韩青回来了,她一进门就显得兴高采烈,小鹰姐,武汉的夜真是太美了,夜空里的繁星好像比我们老家要多似的。你不出去看看?王小鹰说,你怎么早就回来了,照拍了没有?韩青说,拍了,拍了不少,等会我全都发给你。

王小鹰说,明天要走,你不收拾一下?韩青说,收拾什么呀,我出来就没带什么东西,不用收拾。你呢?小鹰姐?王小鹰说,我也是,说实在的,当时出来,我还做了不回去的准备呢。韩青说,小鹰姐,我来时也有这个准备。我还对我老公说,不要给我打电话,省得我分心,你知道吗,小鹰姐,这几十天里,我一次都没有给他打电话,不过,他也够恨,我要他不要打,他居然真的一个电话也没打,看我回去如何收拾他!对了,小鹰姐,你老公给你打电话了吗?

王小鹰说,我俩搭班之后,我离开过你的视线吗?跟你一样,他也一次也没有。
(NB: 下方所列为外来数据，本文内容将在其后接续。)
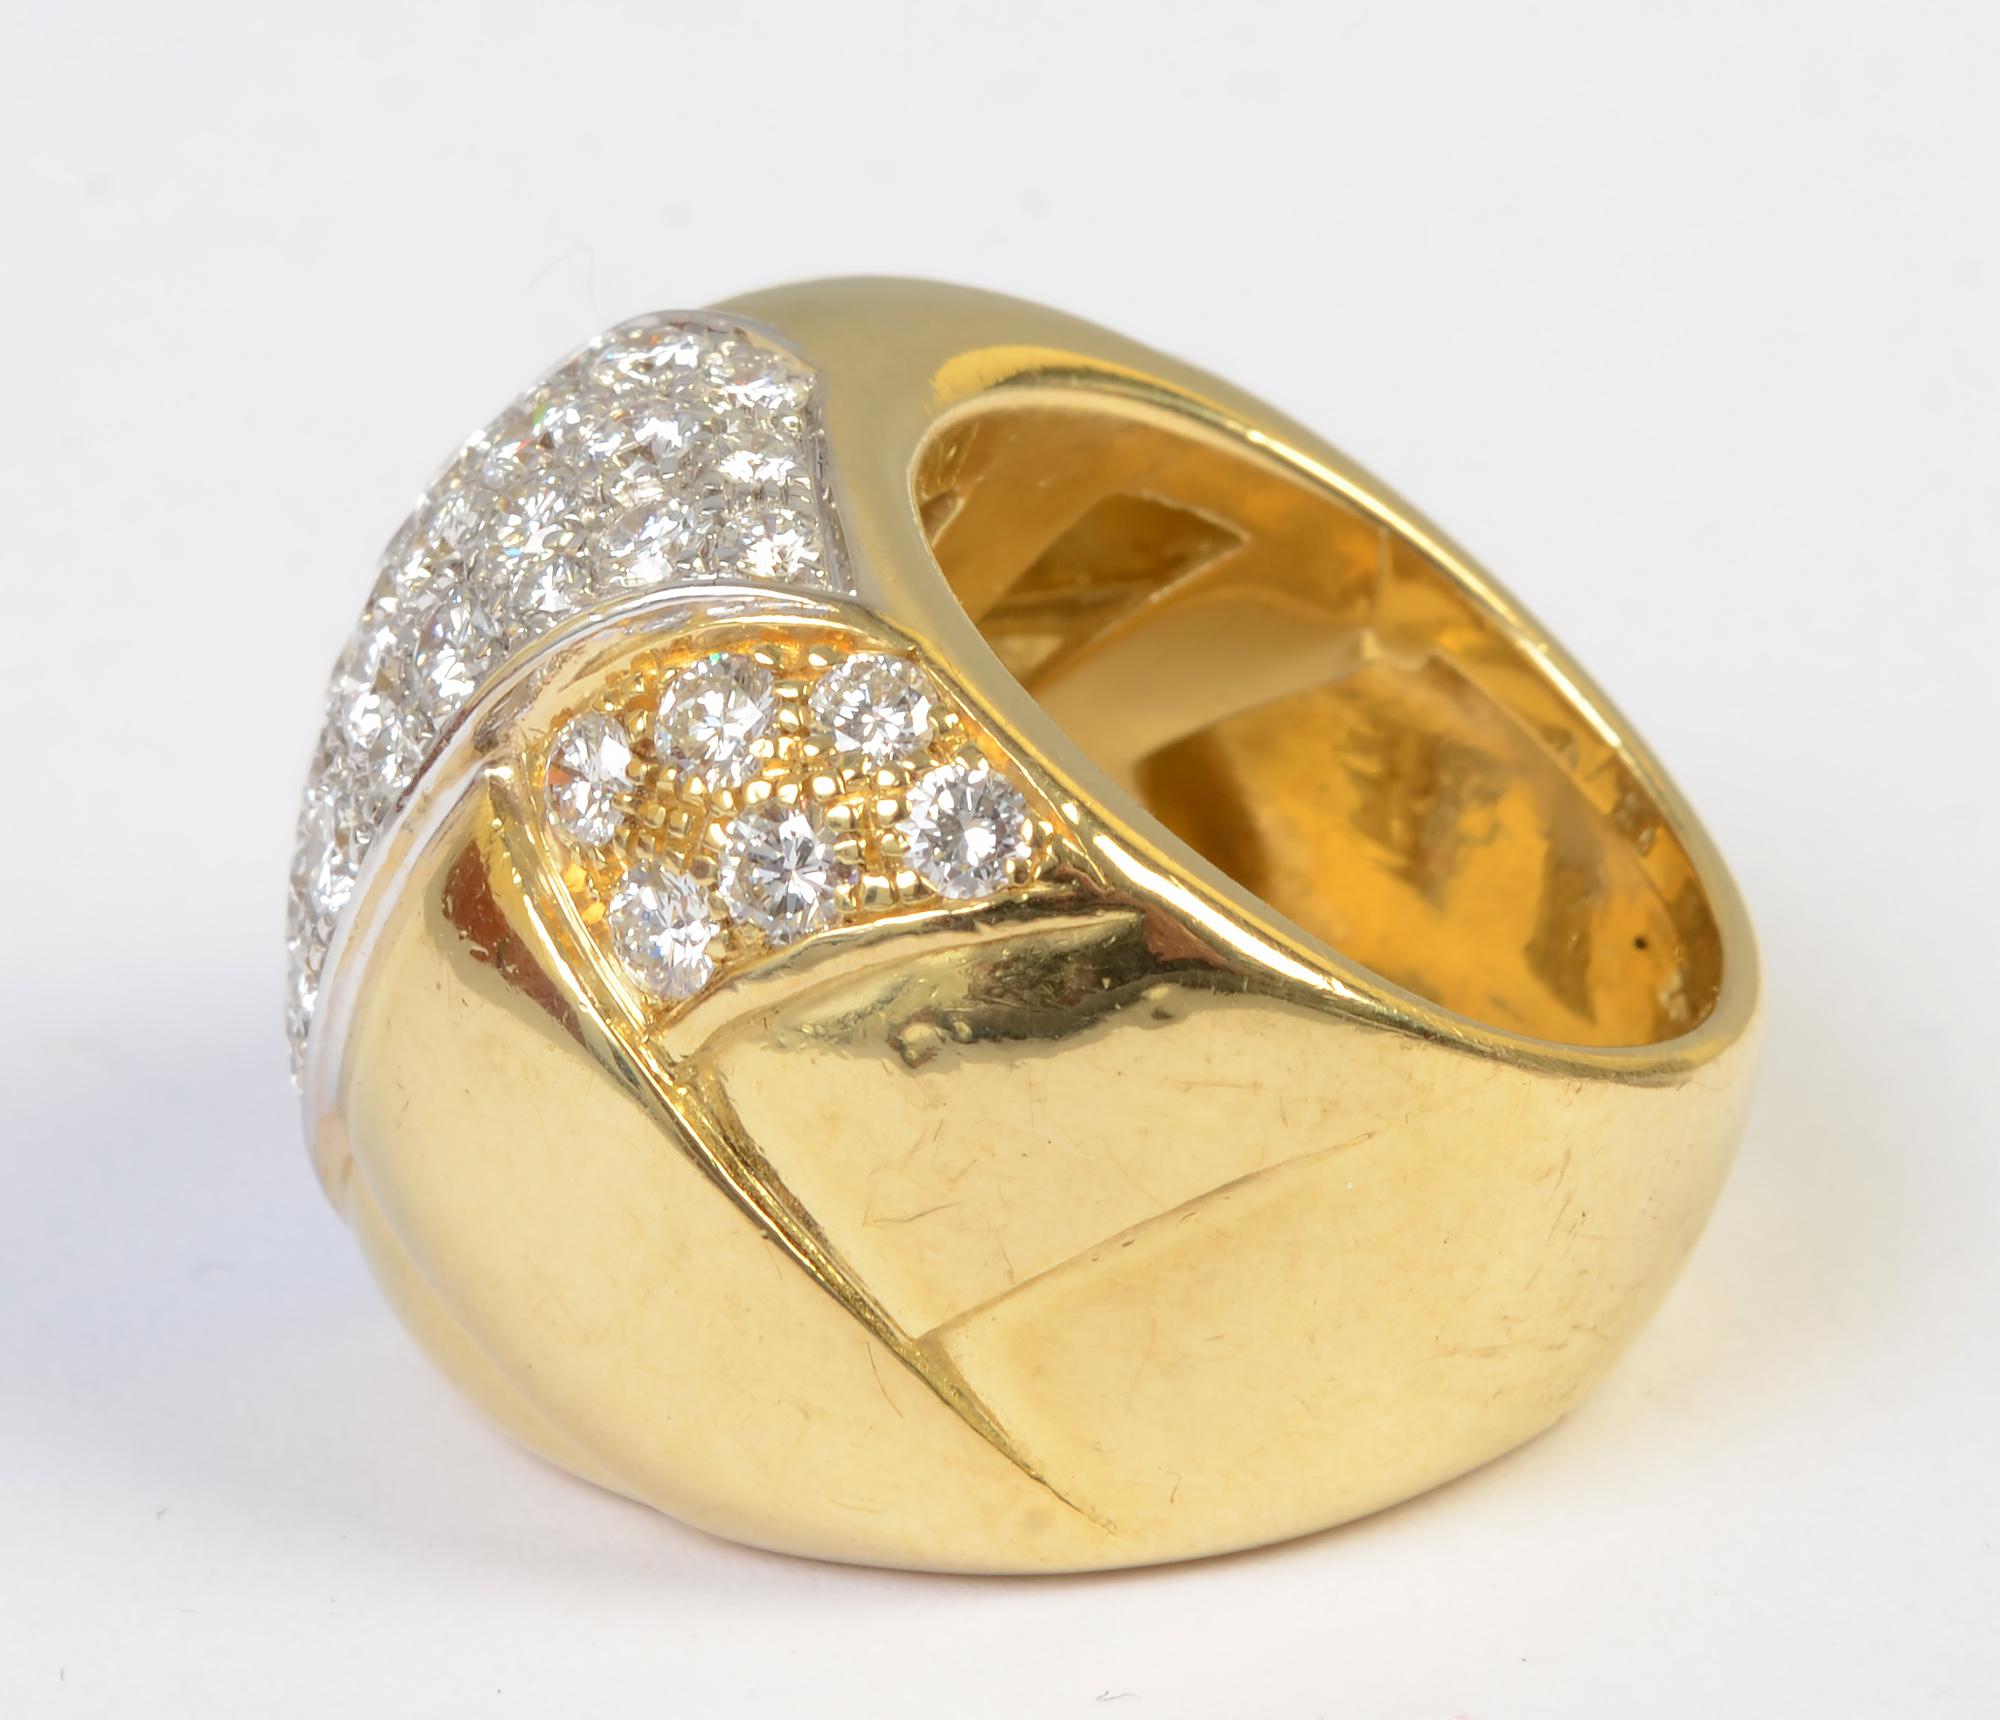 Bague en or à large bande absolument éblouissante avec 4,25 carats de diamants VS ; couleur F. L'anneau est bombé et présente un motif légèrement tressé dans l'or. Les diamants sont sertis en diagonale, avec de plus petites grappes de pierres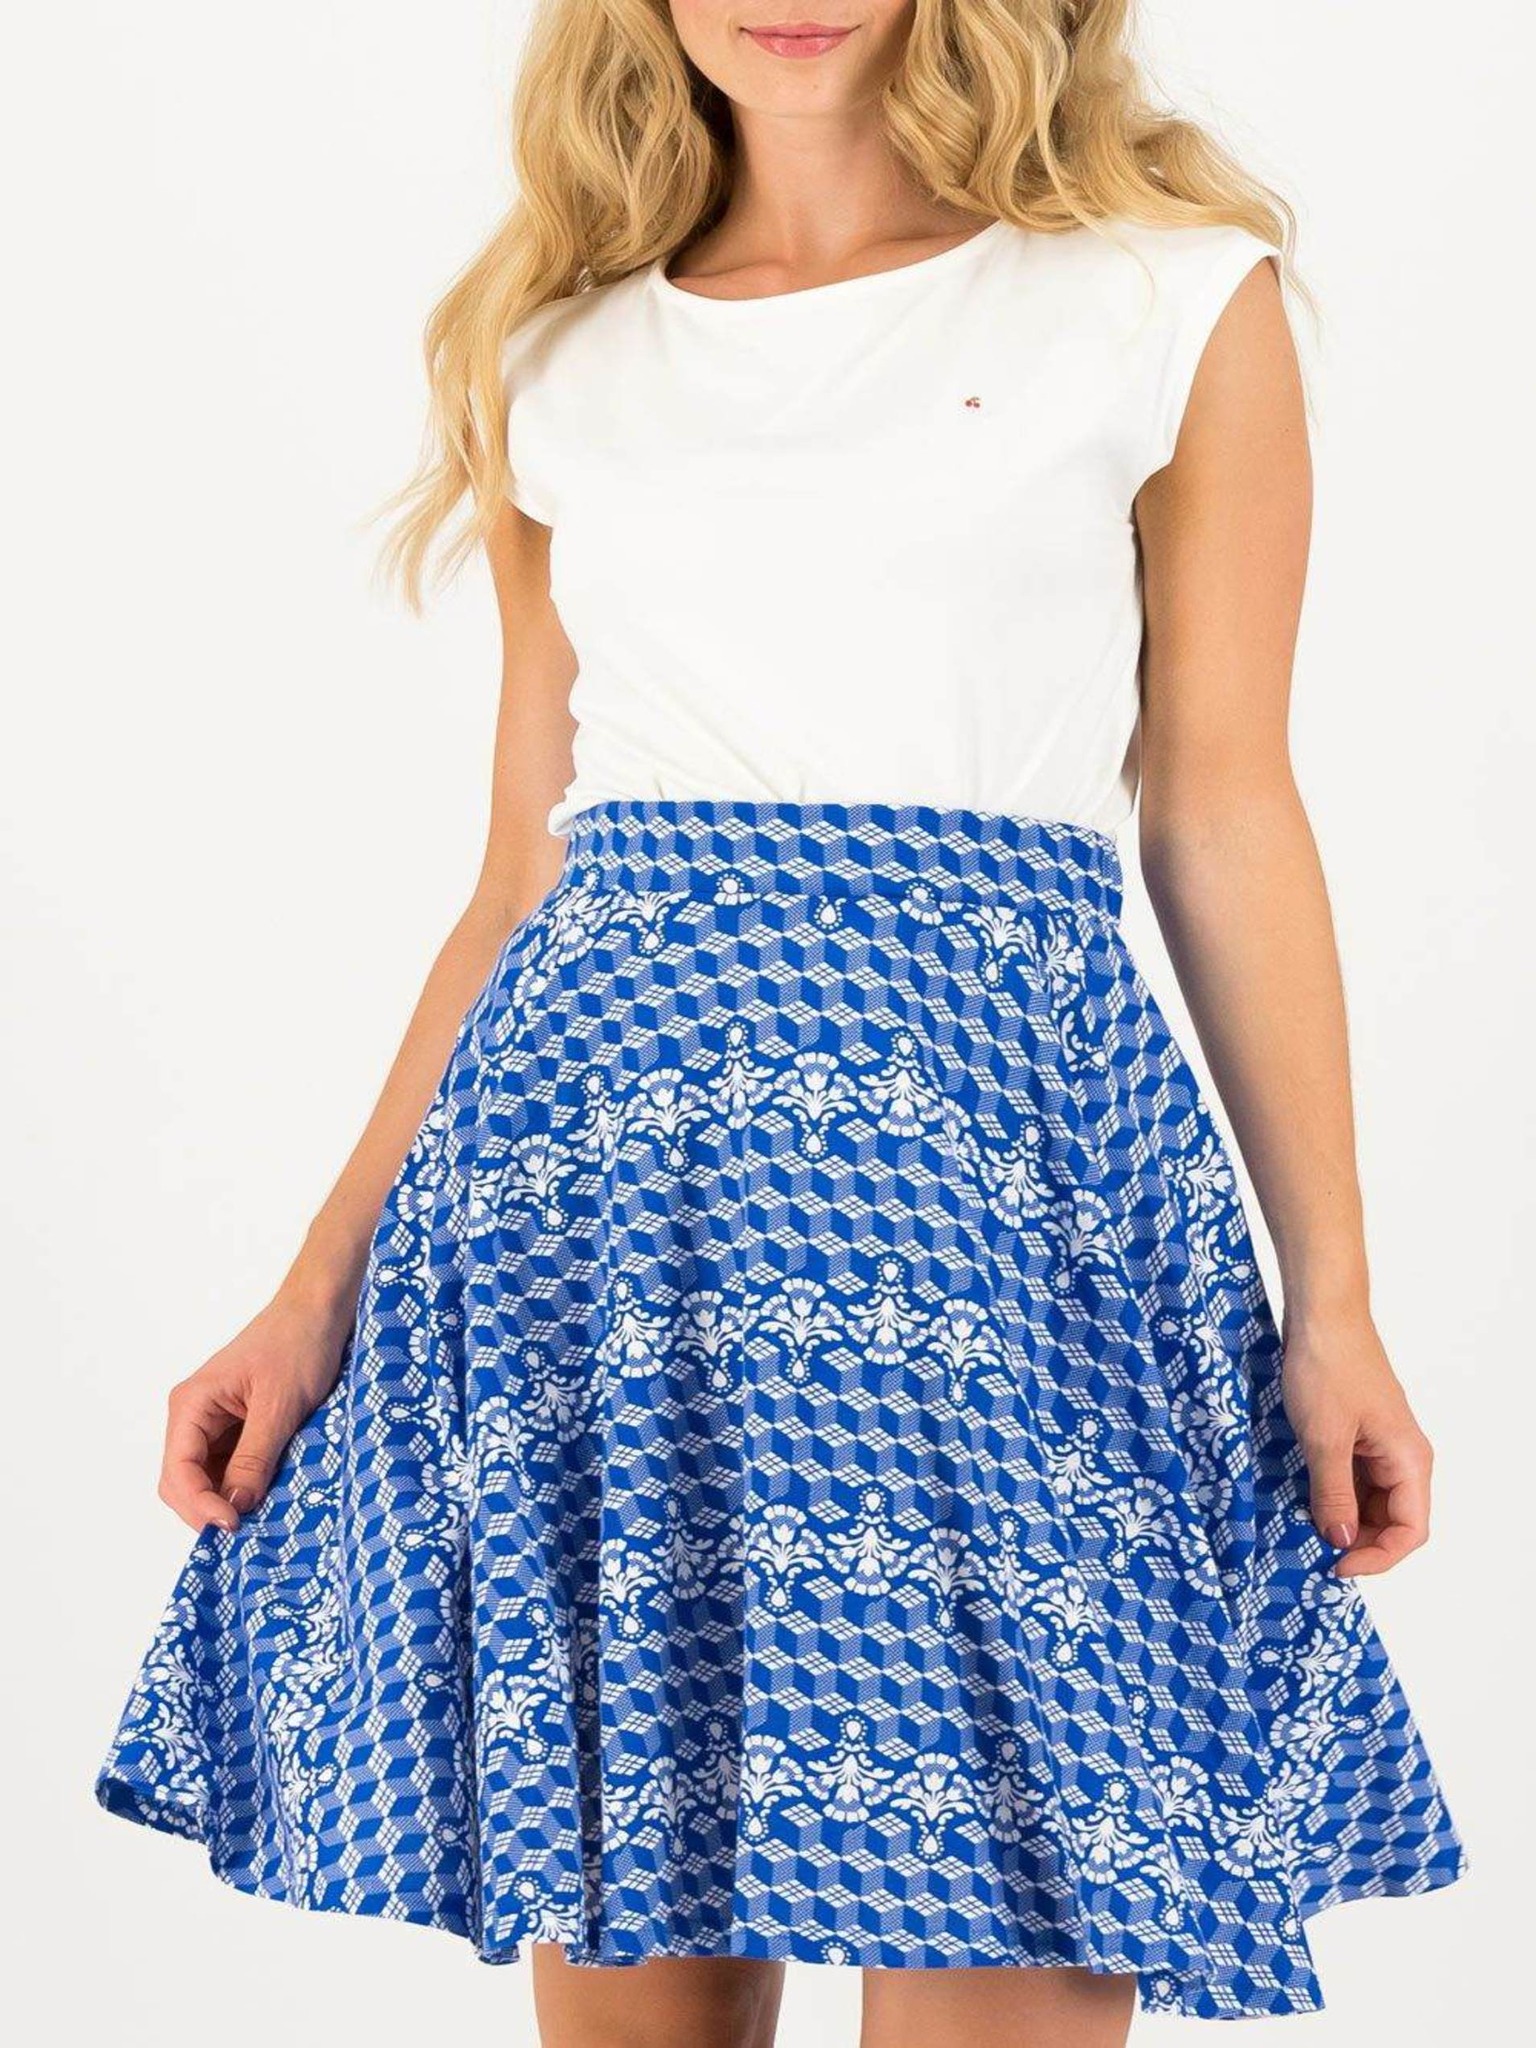 Fotografie Blutsgeschwister modré sukně Fullmoon Circle Skirt Zwaluw Zee - XL

韩青说,那微信留言呢?这总归有吧?王小鹰想实话实说,可话到嘴边还是撒了个慌,这倒有的。韩青生气了,小鹰姐,你倒还好,我家那位,连微信都没有,你说气不气人。王小鹰说,他不给你发信息,你就不能发过去?韩青说,我才不呢,他不主动,为什么我要主动。告诉你,小鹰姐,这次回去,看我如何收拾他。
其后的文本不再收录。